An example of Single Sign on is your Facebook or Google Account being used to connect you to third party platforms and services as happens with games and services today. The Third party system/service you requested access to does not ever know your Facebook or Google password – instead a token is provided to the third party platform with the assertion that you are who you say you are because the authenticator (Facebook or Google) trusts you.
The protocols that you may see used with Single Sign On are: OAuth, SAML or OpenID which all provide broadly the same functions.
Benefit: Single Sign On (SSO) reduces password complexity, reducing password complexity helps stop users from sticking their passwords on their monitors. SSO also is a first step toward being able to audit the: Who, What and When of user access to corporate systems and data.
Note: When an older/or not supported platform is connected to “Single Sign On” services there is often a go between process of “Screen Scraping” or text entry occurring using a client based tool and this is often called: “Simplified Sign On”
How does Single Sign On stop me being hacked?
The benefits of Single Sign On are more indirect than direct benefit when referring to Cyber Security.

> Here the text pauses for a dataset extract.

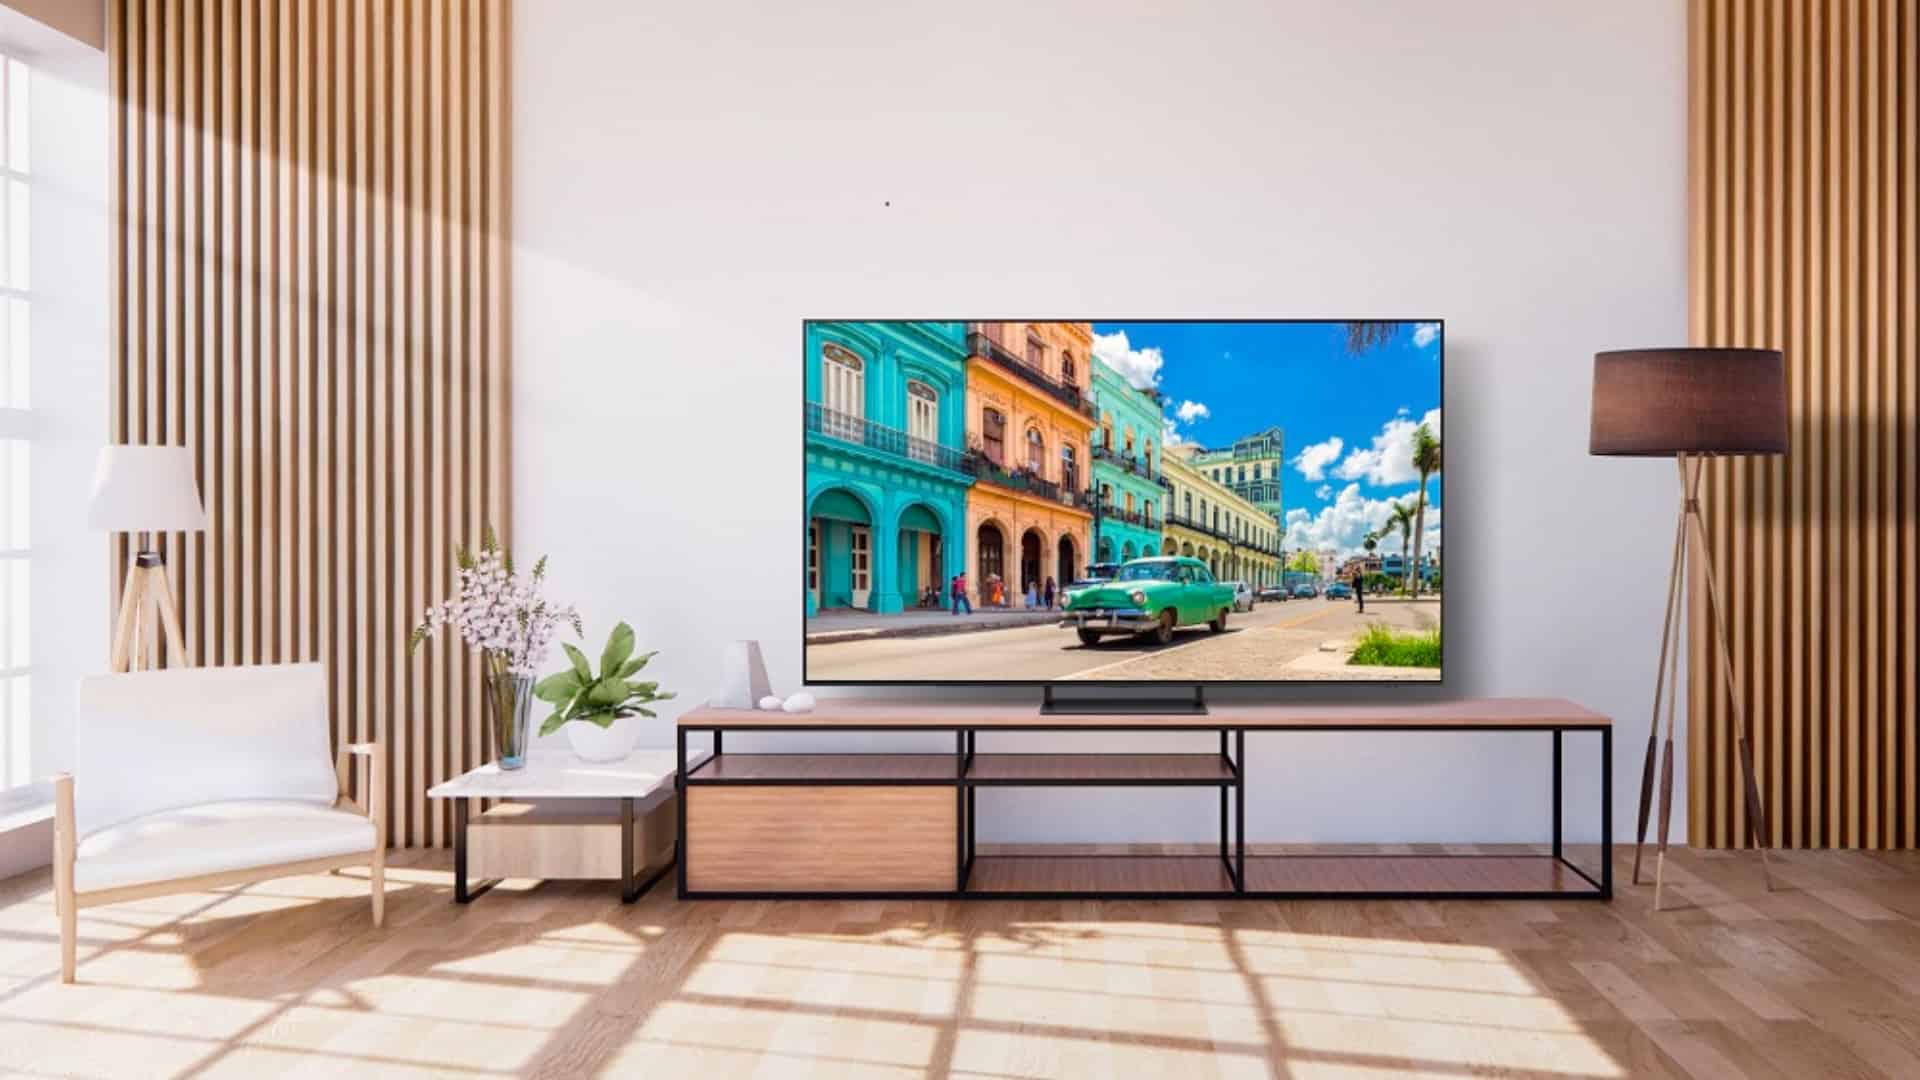 Samsung lança sua nova linha de TVs no Brasil para 2023, incluindo a primeira OLED e uma Neo QLED 8K

Single Sign on has the following benefits from a Cyber maturity perspective:
- Managing credentials centrally is best practise whether using an Identity Management platform or manually managing your Directory service.
- Having a single credential ensures that auditing where a user has authenticated is easier to report on
- A single credential means a single password to remember, multiple passwords and out of sync password policies lead to issues with password security
- It is easier to include Multi factor authentication where the authenticator is a single plaform
- When decommissioning a user it is easier to completely deprovision when there is only one account to remove, as opposed to credentials being stored on individual machines.